Preferably, the first lens has a center thickness of 10.164 + -5%; the center thickness of the second lens is 10.018 +/-5%; the center thickness of the third lens is 13.872 +/-5%; the center thickness of the fourth lens is 9.057 +/-5%; the center thickness of the fifth lens is 10.027 +/-5%; the center thickness of the sixth lens is 11.176+ -5%; the center thickness of the seventh lens is 2.981 +/-5%; the center thickness of the eighth lens is 3.977 +/-5%; the center thickness of the ninth lens is 5.983 +/-5%; the center thickness of the tenth lens is 5.026 +/-5%; the center thickness of the eleventh lens is 5.297 +/-5%; the center thickness of the twelfth lens is 5.025+ -5%; the center thickness of the thirteenth lens is 5.562 +/-5%; the center thickness of the fourteenth lens is 3.175±5%; the fifteenth lens had a center thickness of 3.244.+ -. 5% and units of mm.

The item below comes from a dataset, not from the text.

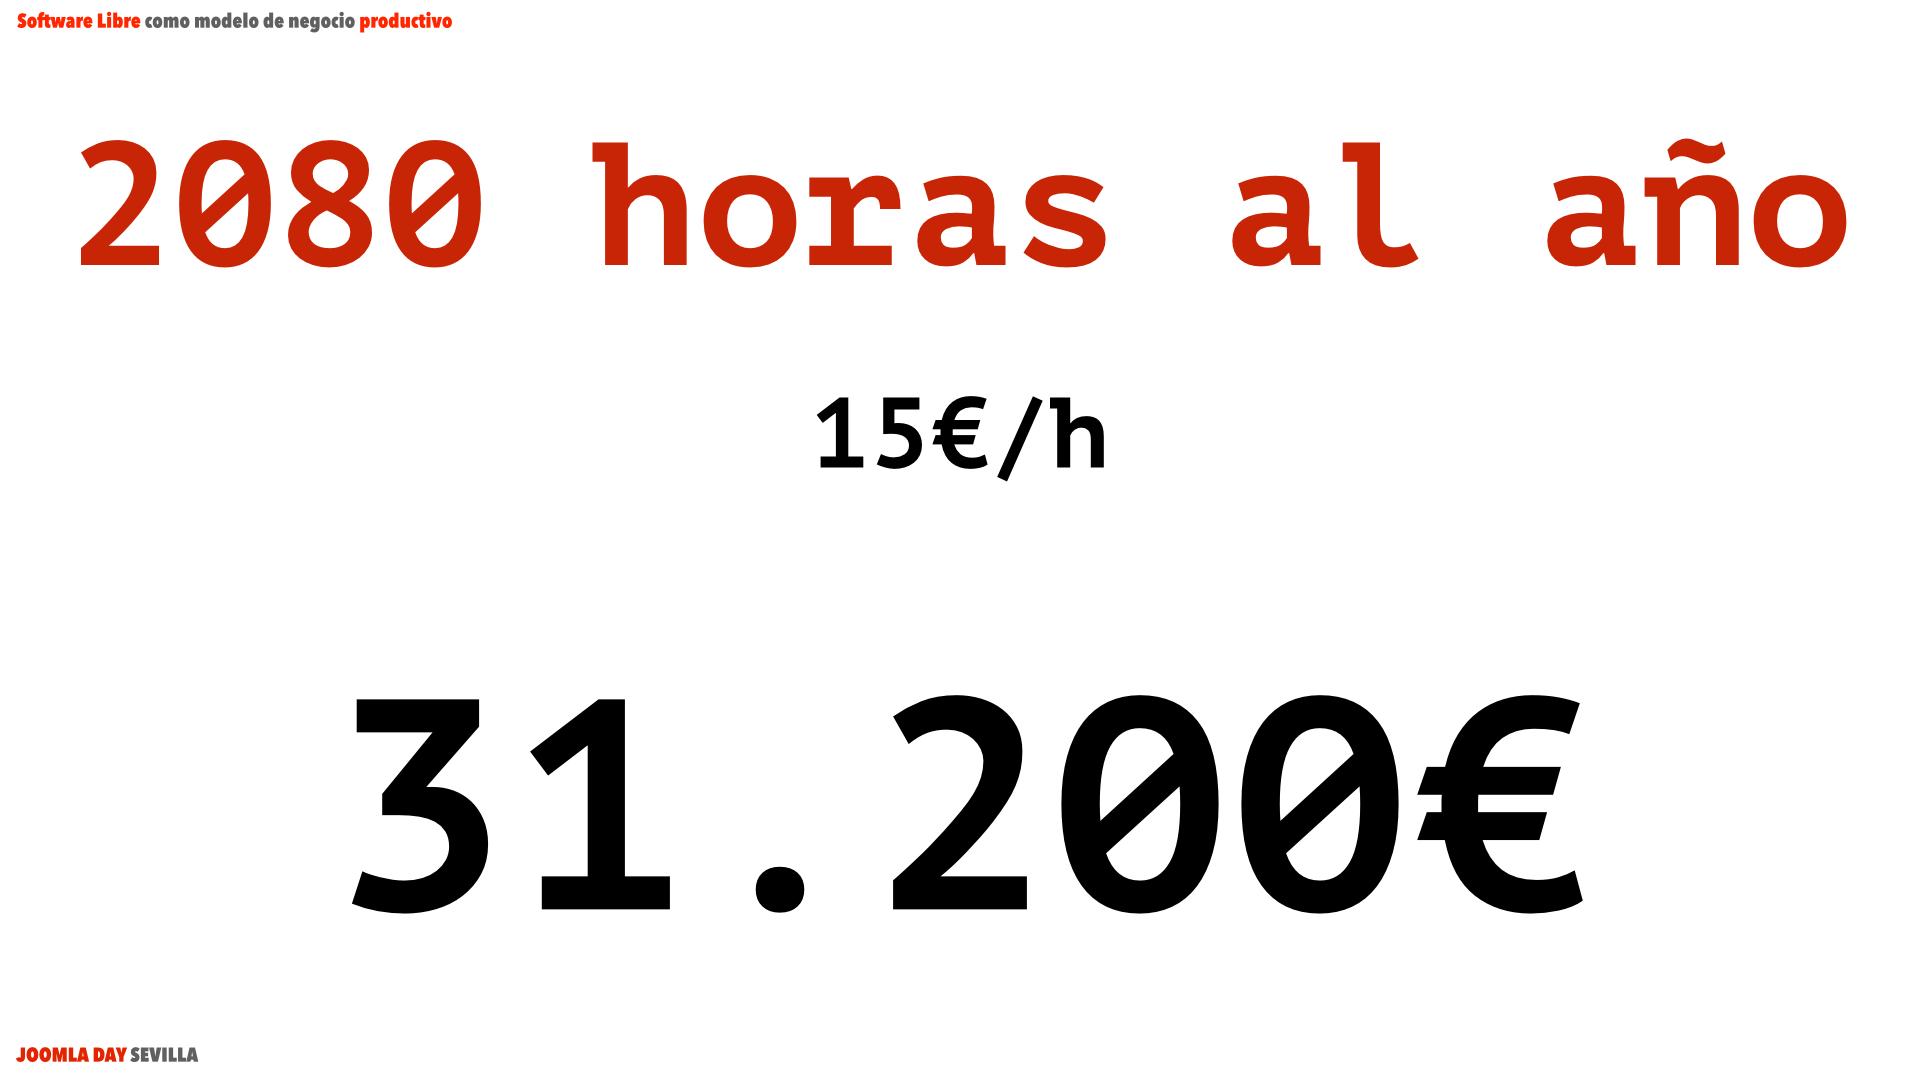 SL.079

Preferably, the distance between the first lens and the second lens on the optical axis is 49.157 +/-5%; the distance between the second lens and the third lens on the optical axis is 59.836 +/-5%; the distance between the third lens and the fourth lens on the optical axis is 4.356+/-5%; the distance between the fourth lens and the fifth lens on the optical axis is 0.827 +/-5%; the distance between the fifth lens and the sixth lens on the optical axis is 0.592+/-5%; the distance between the sixth lens and the seventh lens on the optical axis is 6.257+/-5%; the distance between the seventh lens and the eighth lens on the optical axis is 13.616 +/-5%; the distance between the eighth lens and the ninth lens on the optical axis is 34.443 +/-5%; the distance between the ninth lens and the air space of the aperture diaphragm on the optical axis is 7.000+/-5%; the distance between the aperture diaphragm and the tenth lens on the optical axis is 3.915 +/-5%; the distance between the tenth lens and the eleventh lens on the optical axis is 7.870 +/-5%; the distance between the eleventh lens and the twelfth lens on the optical axis is 0.538+/-5%; the distance between the twelfth lens and the thirteenth lens on the optical axis is 6.221 +/-5%; the fourteenth lens and the fifteenth lens have a distance of 0.084±5% on the optical axis, and the unit of distance is millimeter.

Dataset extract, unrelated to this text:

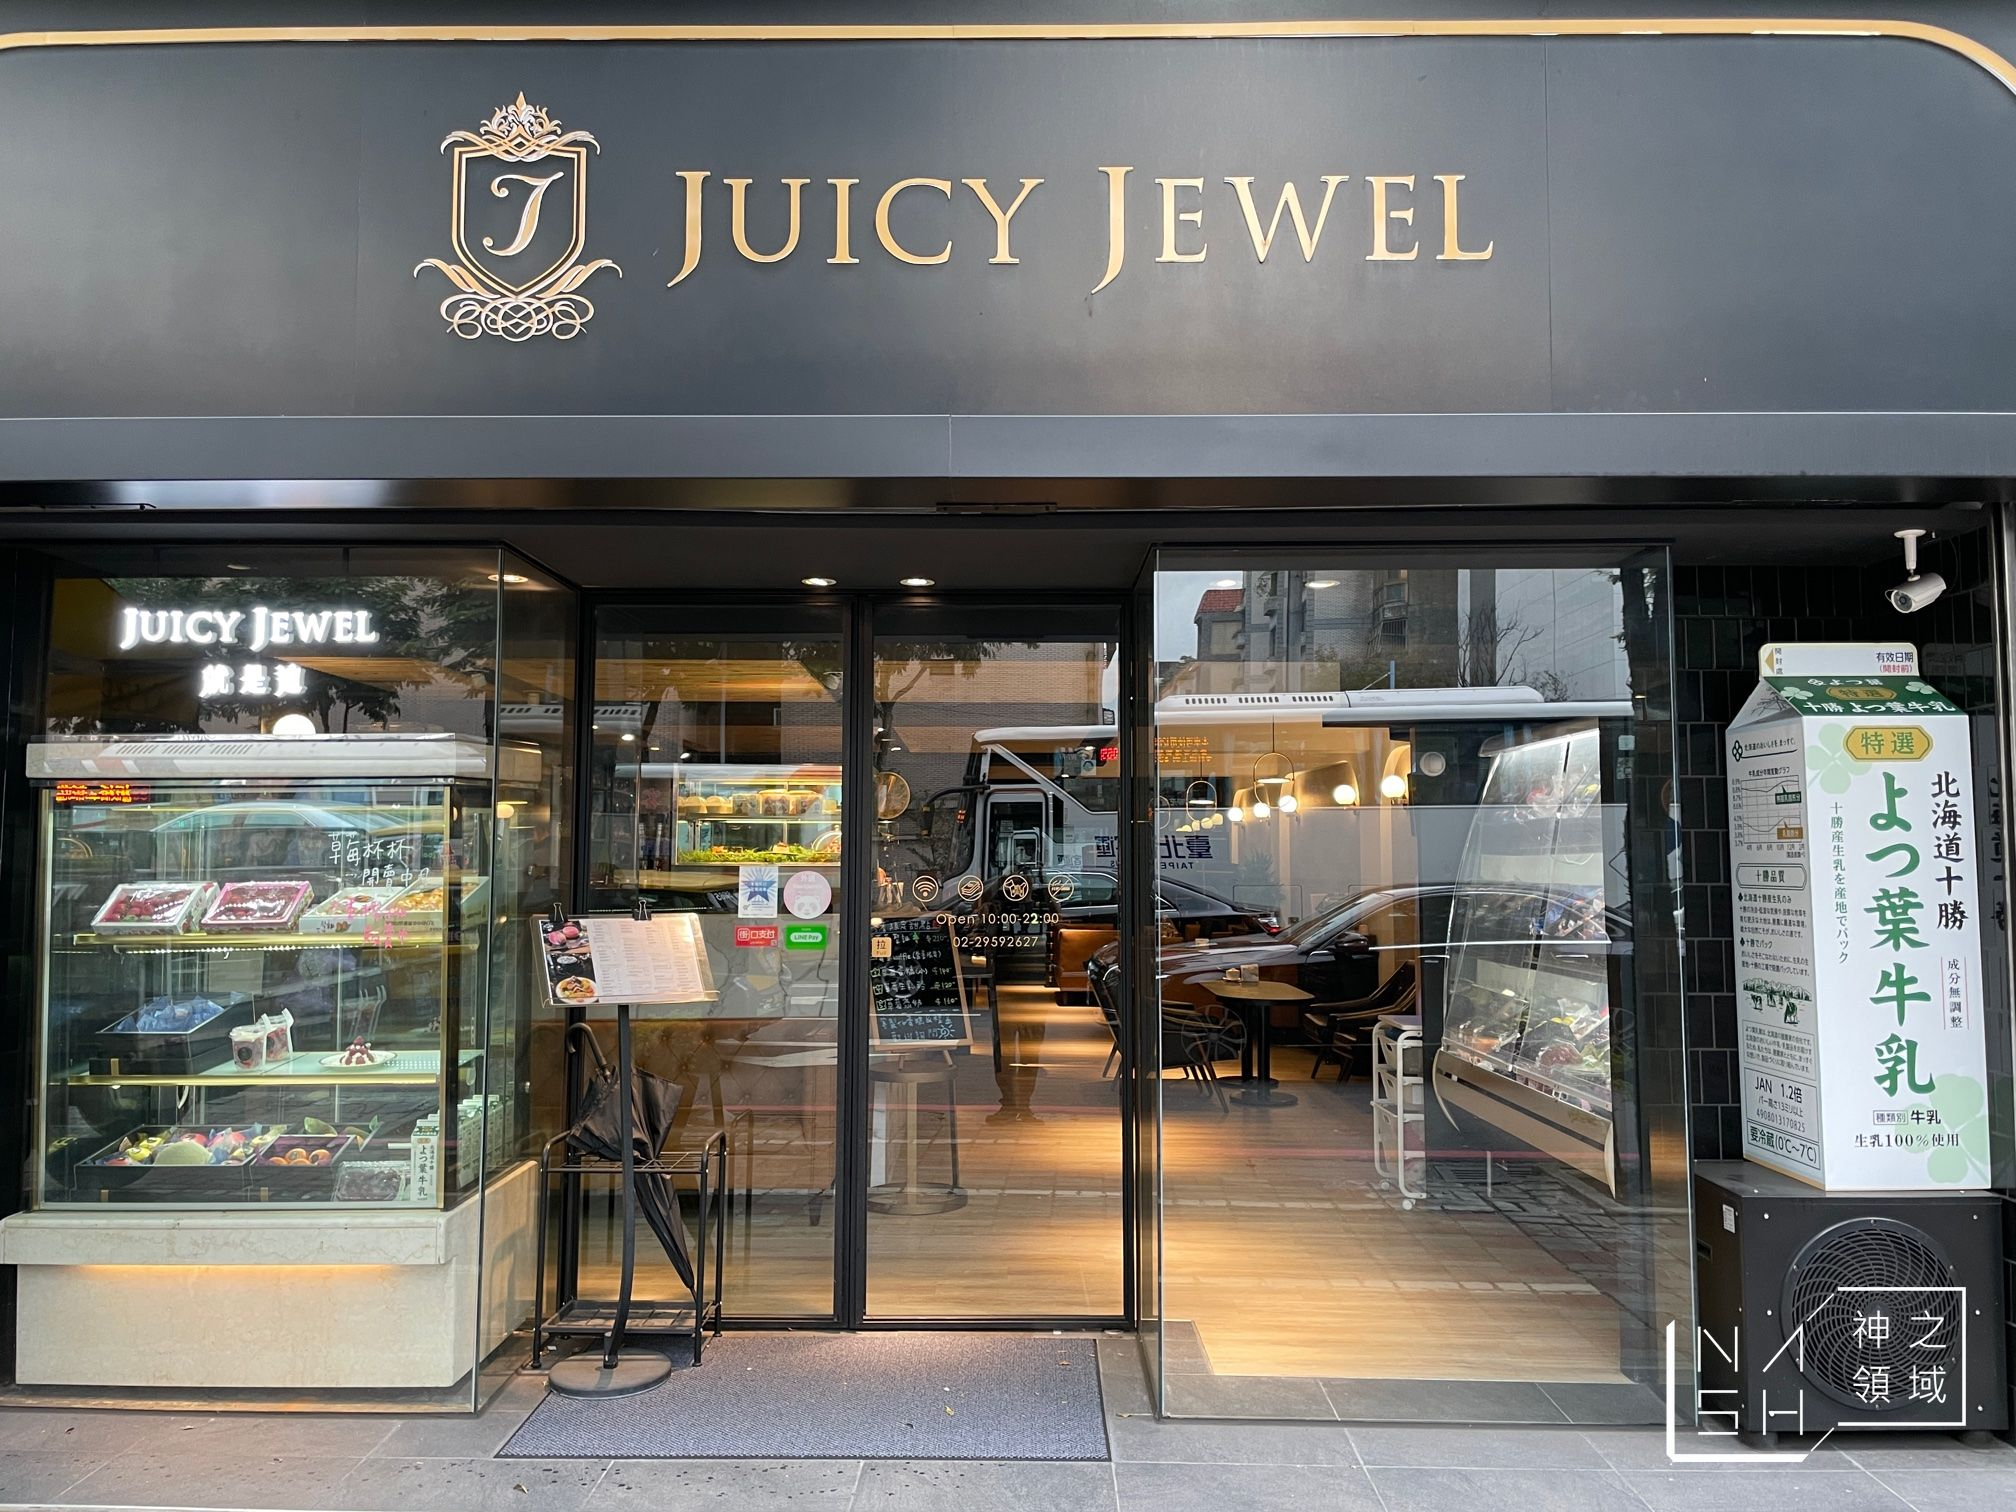 JUICY JEWEL

Preferably, the refractive index of the first lens is 1.78; the refractive index of the second lens is 1.66; the refractive index of the third lens is 1.56; the refractive index of the fourth lens is 1.76; the refractive index of the fifth lens is 1.69; the refractive index of the sixth lens is 1.40; the refractive index of the seventh lens is 1.81; the refractive index of the eighth lens is 1.53; the refractive index of the ninth lens is 1.40; the refractive index of the tenth lens is 1.50; the refractive index of the eleventh lens is 1.53; the twelfth lens has a refractive index of 1.72; the thirteenth lens has a refractive index of 1.53; the fourteenth lens has a refractive index of 1.30; the refractive index of the fifteenth lens is 1.63.

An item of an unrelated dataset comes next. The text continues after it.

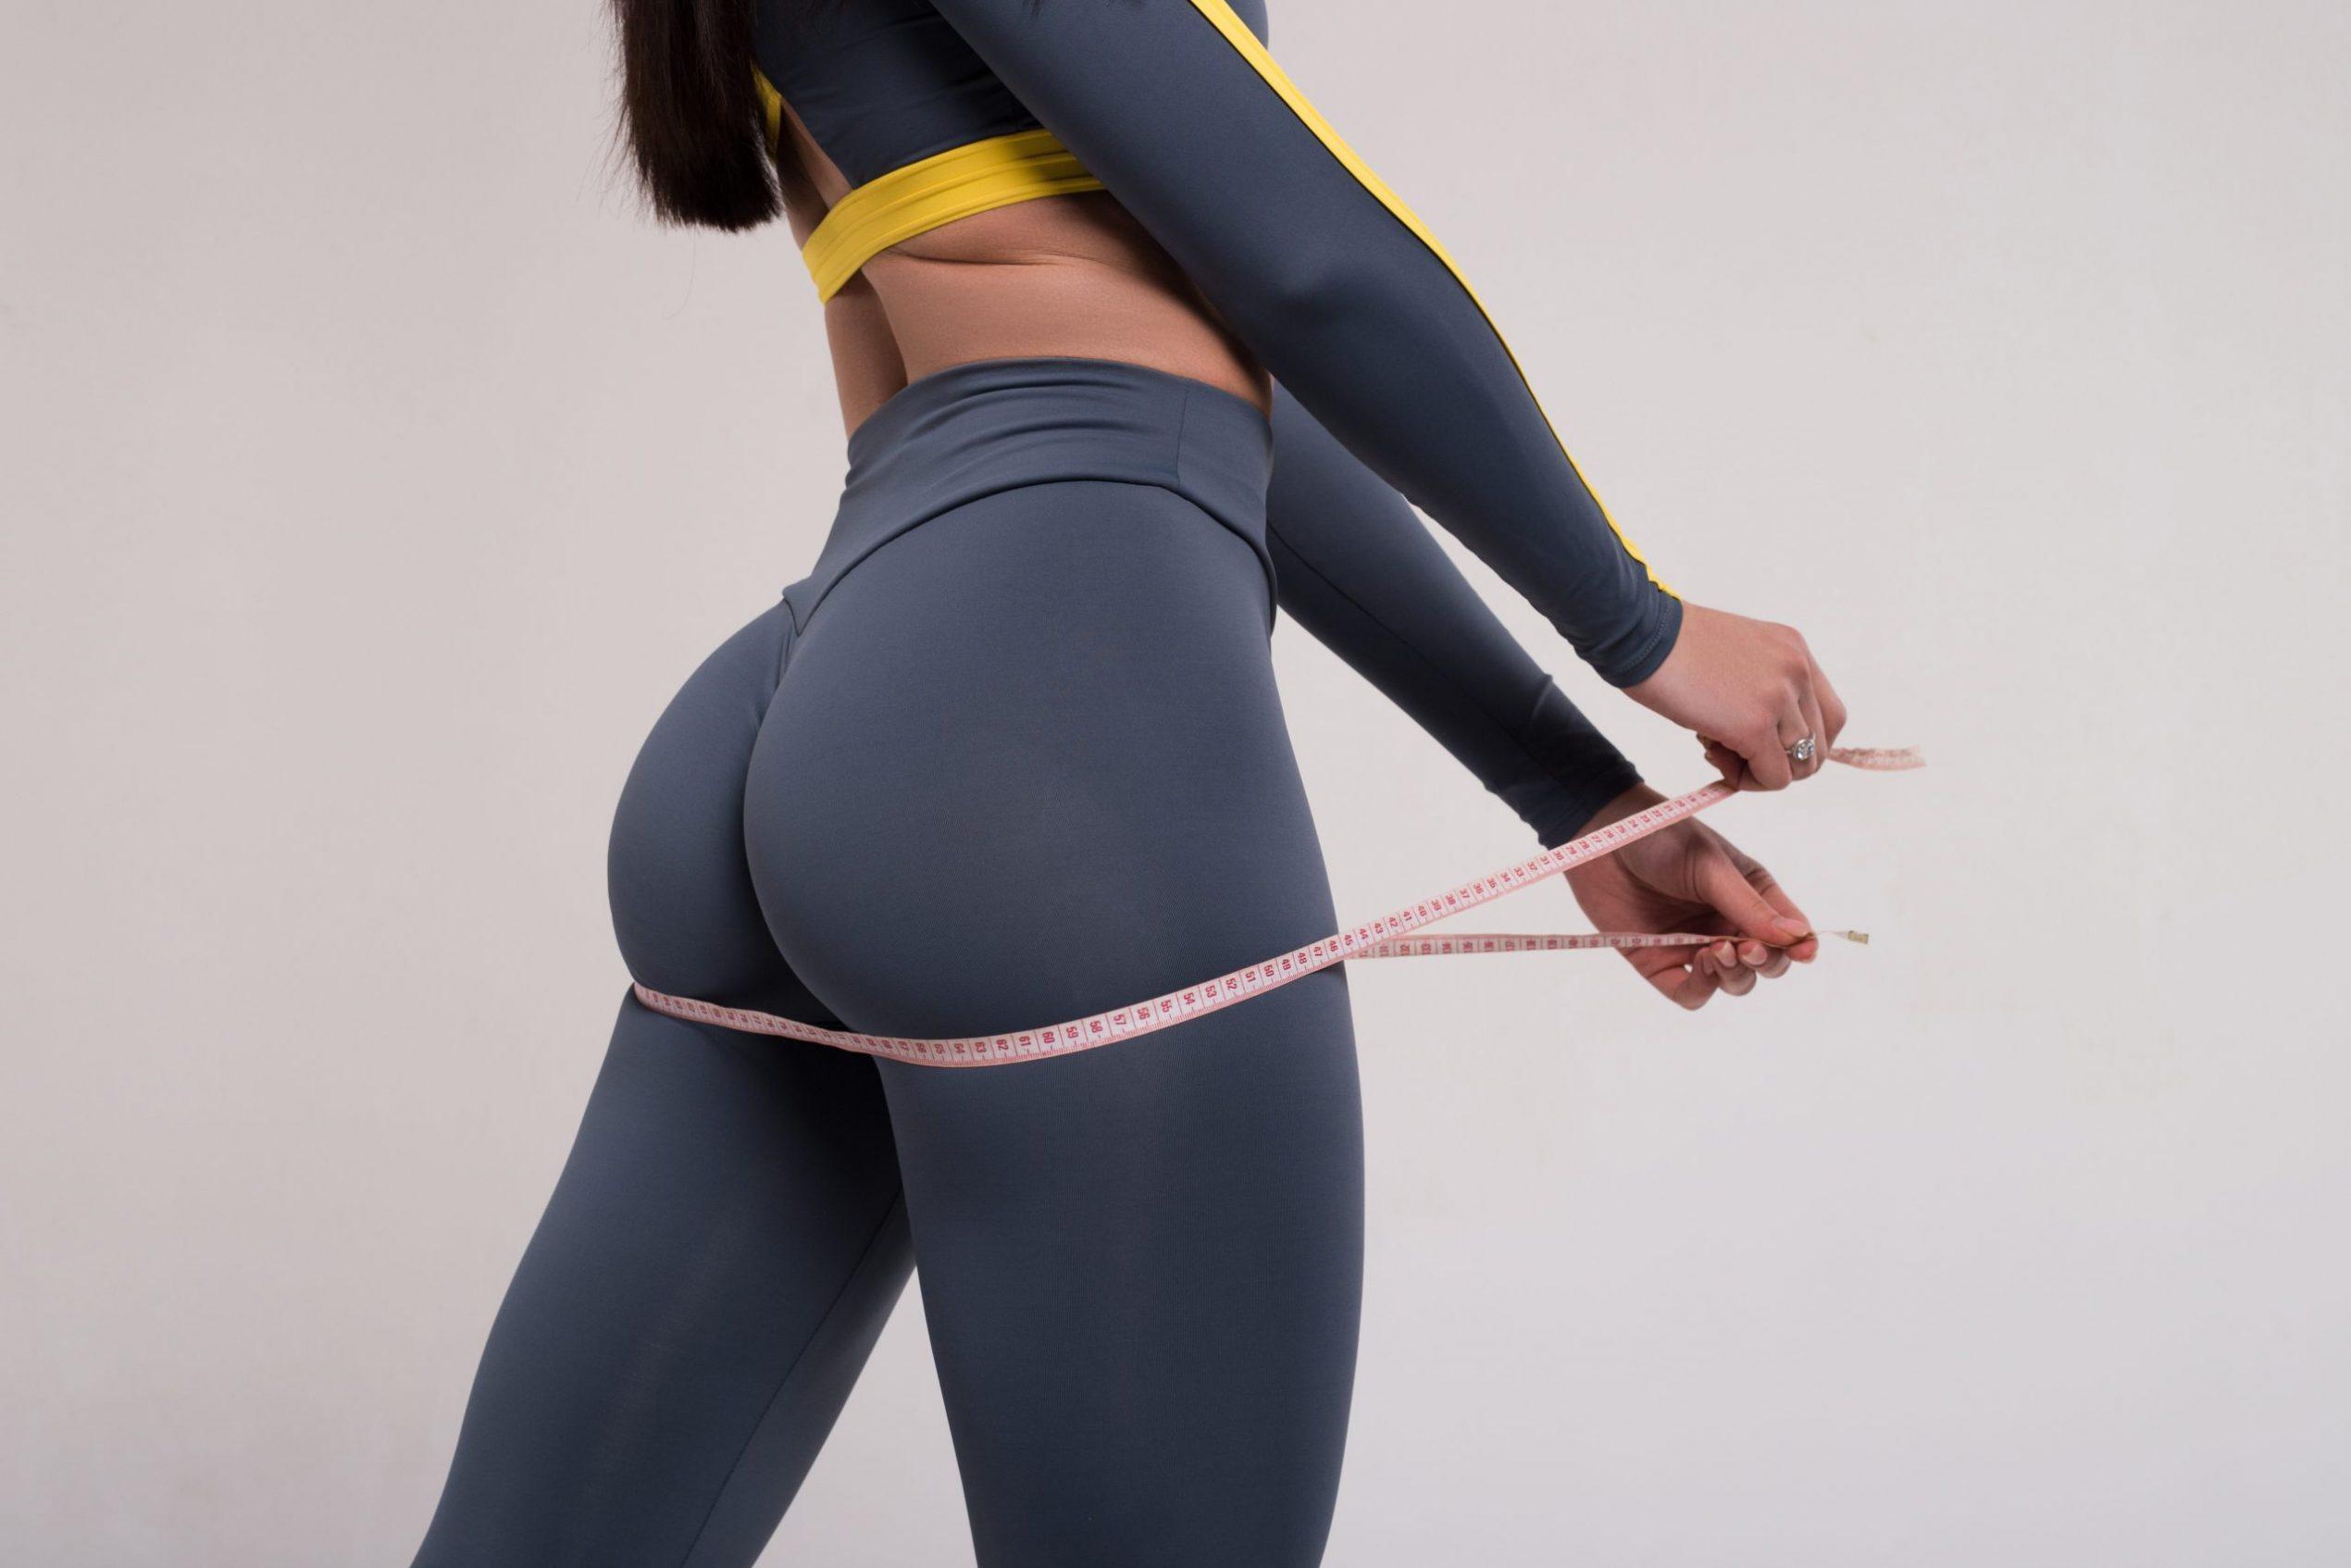 Product Female For Enhancer Butt Size, Let You Have Big Big Ass Butt Enhancement Cream

Preferably, the abbe number of the first lens is 46.57±5%; the abbe number of the second lens is 60.37 +/-5%; the abbe number of the third lens is 81.59 +/-5%; the abbe number of the fourth lens is 48.24+/-5%; the abbe number of the fifth lens is 48.43 +/-5%; the abbe number of the sixth lens is 81.59 +/-5%; the abbe number of the seventh lens is 41.00 + -5%; the abbe number of the eighth lens is 61.25+ -5%; the abbe number of the ninth lens is 86.59 +/-5%; the abbe number of the tenth lens is 81.59 +/-5%; the abbe number of the eleventh lens is 46.92 +/-5%; the abbe number of the twelfth lens is 42.14+/-5%; the thirteenth lens has an Abbe number of 40.52 + -5%; the fourteenth lens has an abbe number of 581.56 + -5%; the abbe number of the fifteenth lens is 53.95±5%.

Preferably, the diameter of the first lens is 320mm.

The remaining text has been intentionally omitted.